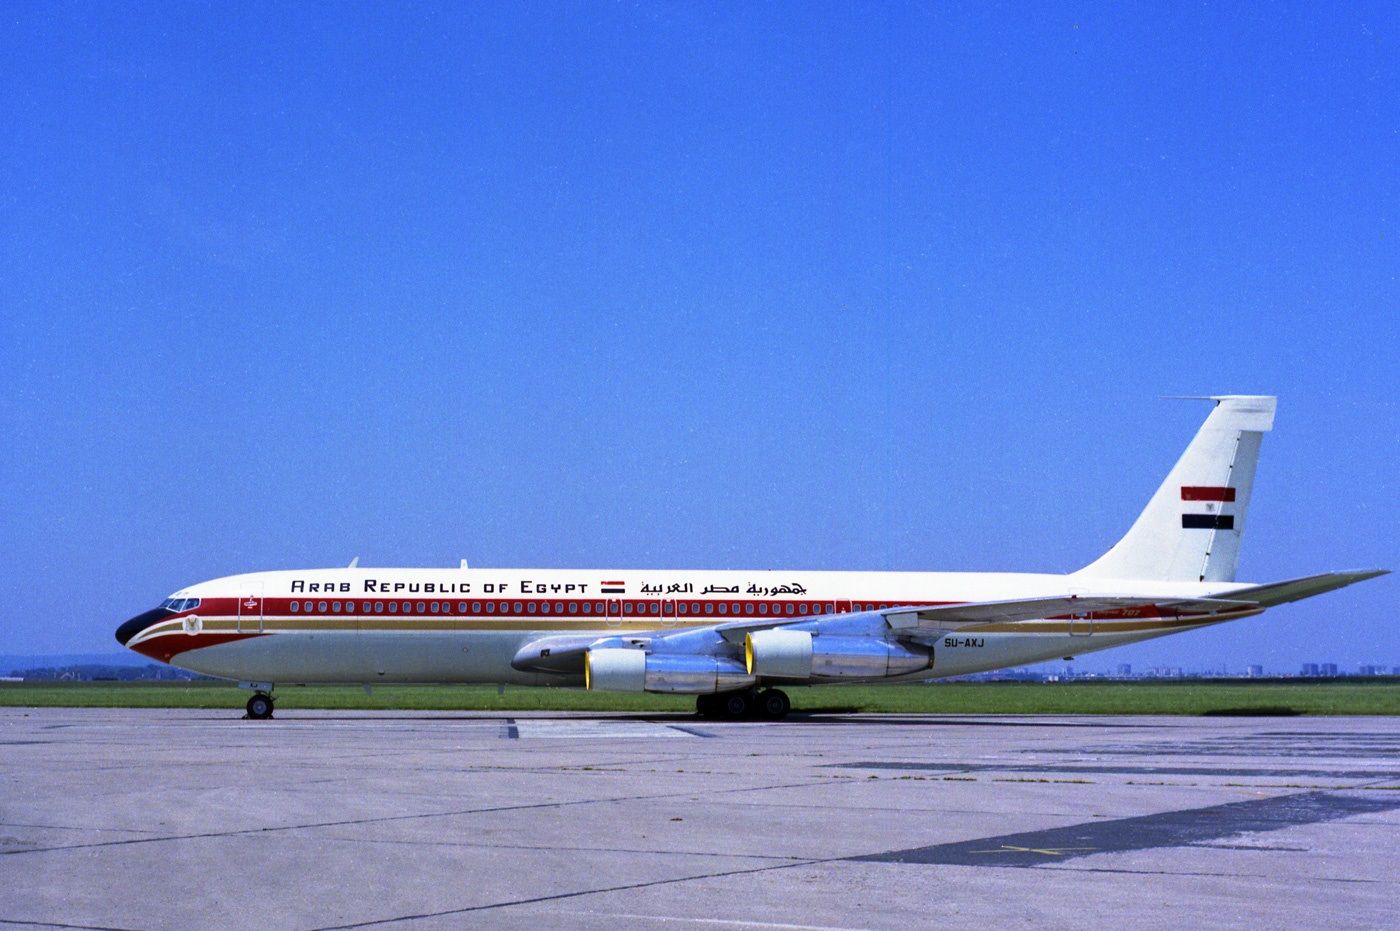 الطائرة المصرية في مطار بالعاصمة الفرنسية باريس في صورة ألتقطت في يونيو 1975 - airhistory.net
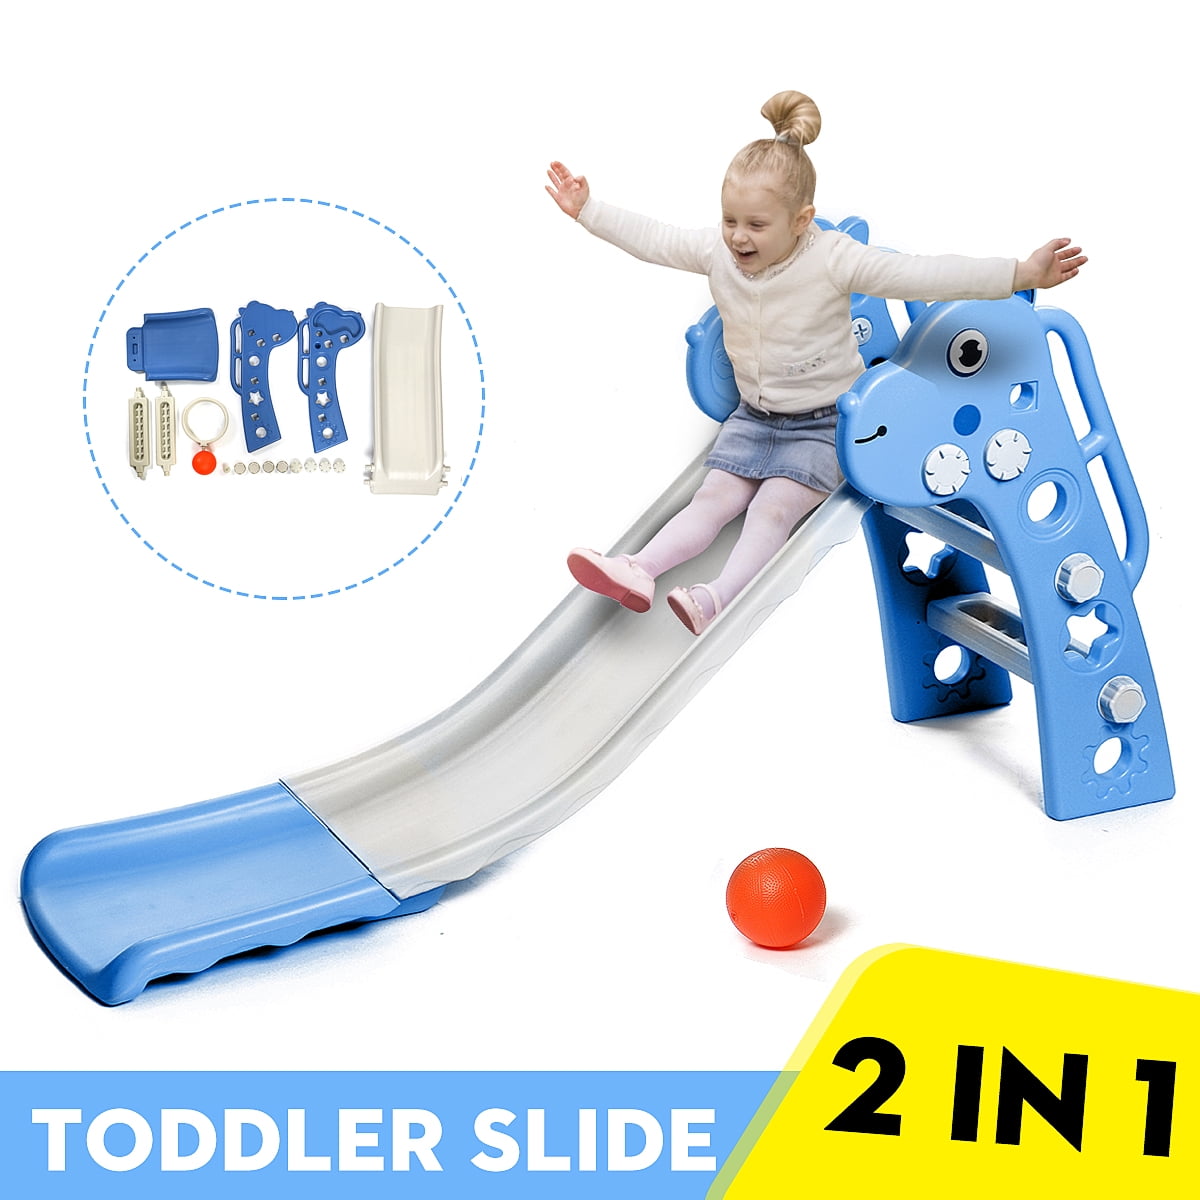 Toddler Slide Indoor Outdoor Kids Fun Toy Christmas Gift Indoor Backyard Play 
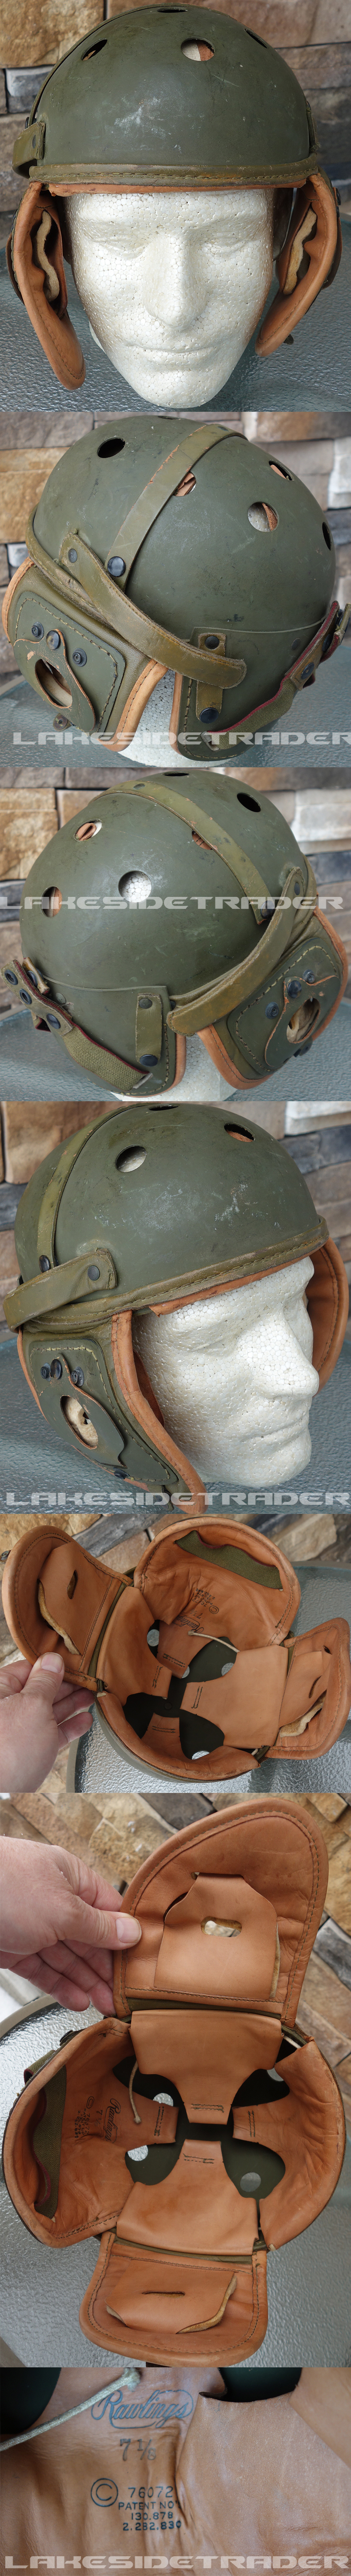 US WWII Tankers Helmet
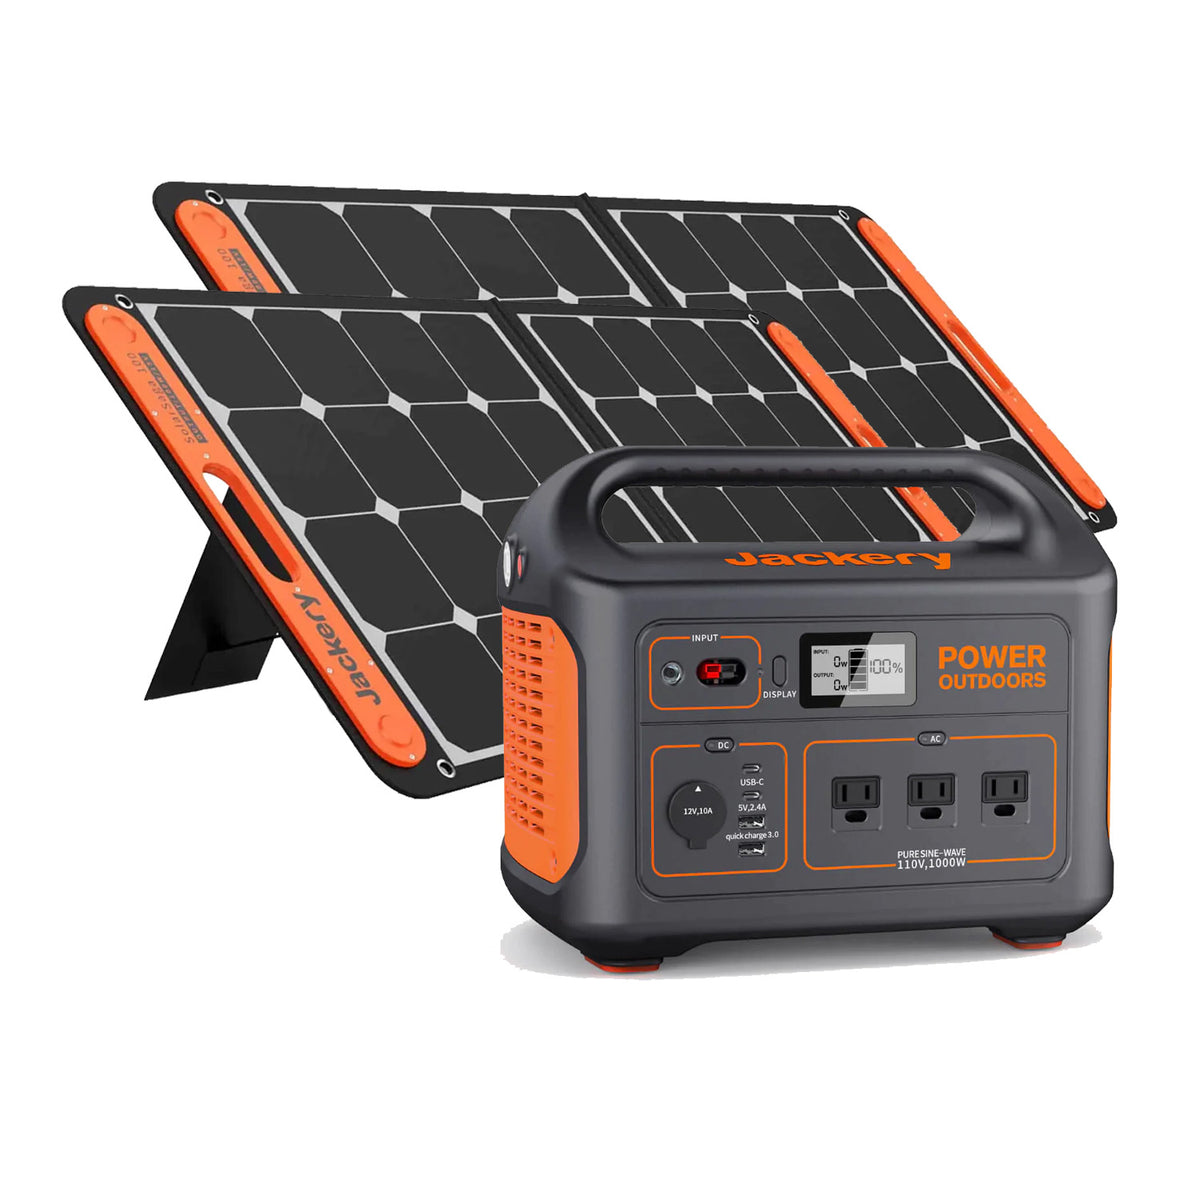 Jackery Solar Generator 880 | Explorer 880 + 2 x SolarSaga 100W 
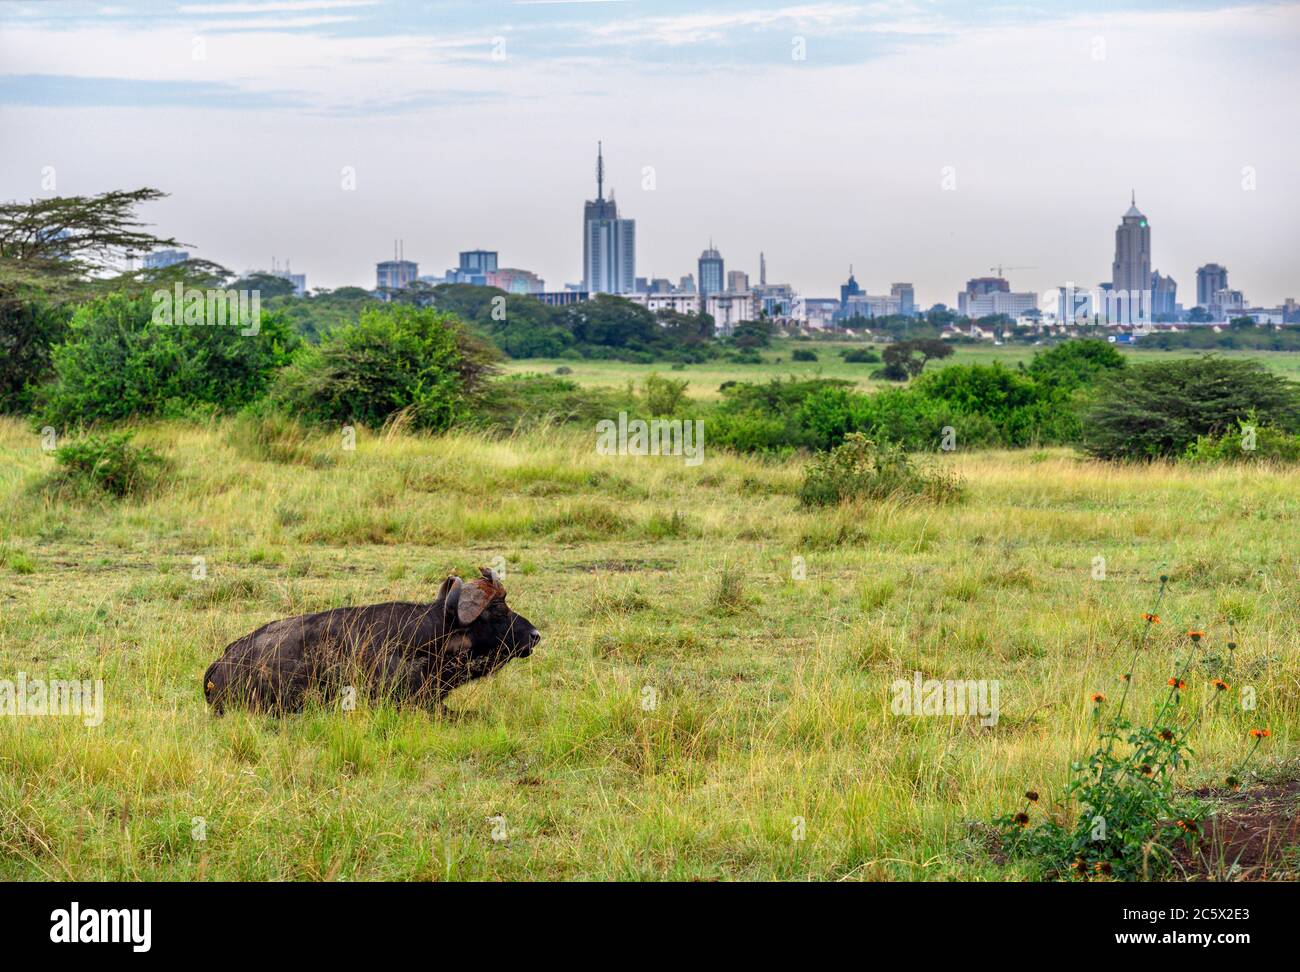 Búfalo africano o búfalo de Cabo (Syncerus caffer) con el horizonte de la ciudad detrás, Parque Nacional de Nairobi, Kenia, África Oriental Foto de stock

□ □ □ □ □

## PROBLEM
Pictures are not part of the copy. Output only the lines from the one with "Jackery Solar Generator" through the final line of the records, exactly as given.

## EXERCISE RESPONSE
 Jackery Solar Generator 880 | Explorer 880 + 2 x SolarSaga 100W 
 Búfalo africano o búfalo de Cabo (Syncerus caffer) con el horizonte de la ciudad detrás, Parque Nacional de Nairobi, Kenia, África Oriental Foto de stock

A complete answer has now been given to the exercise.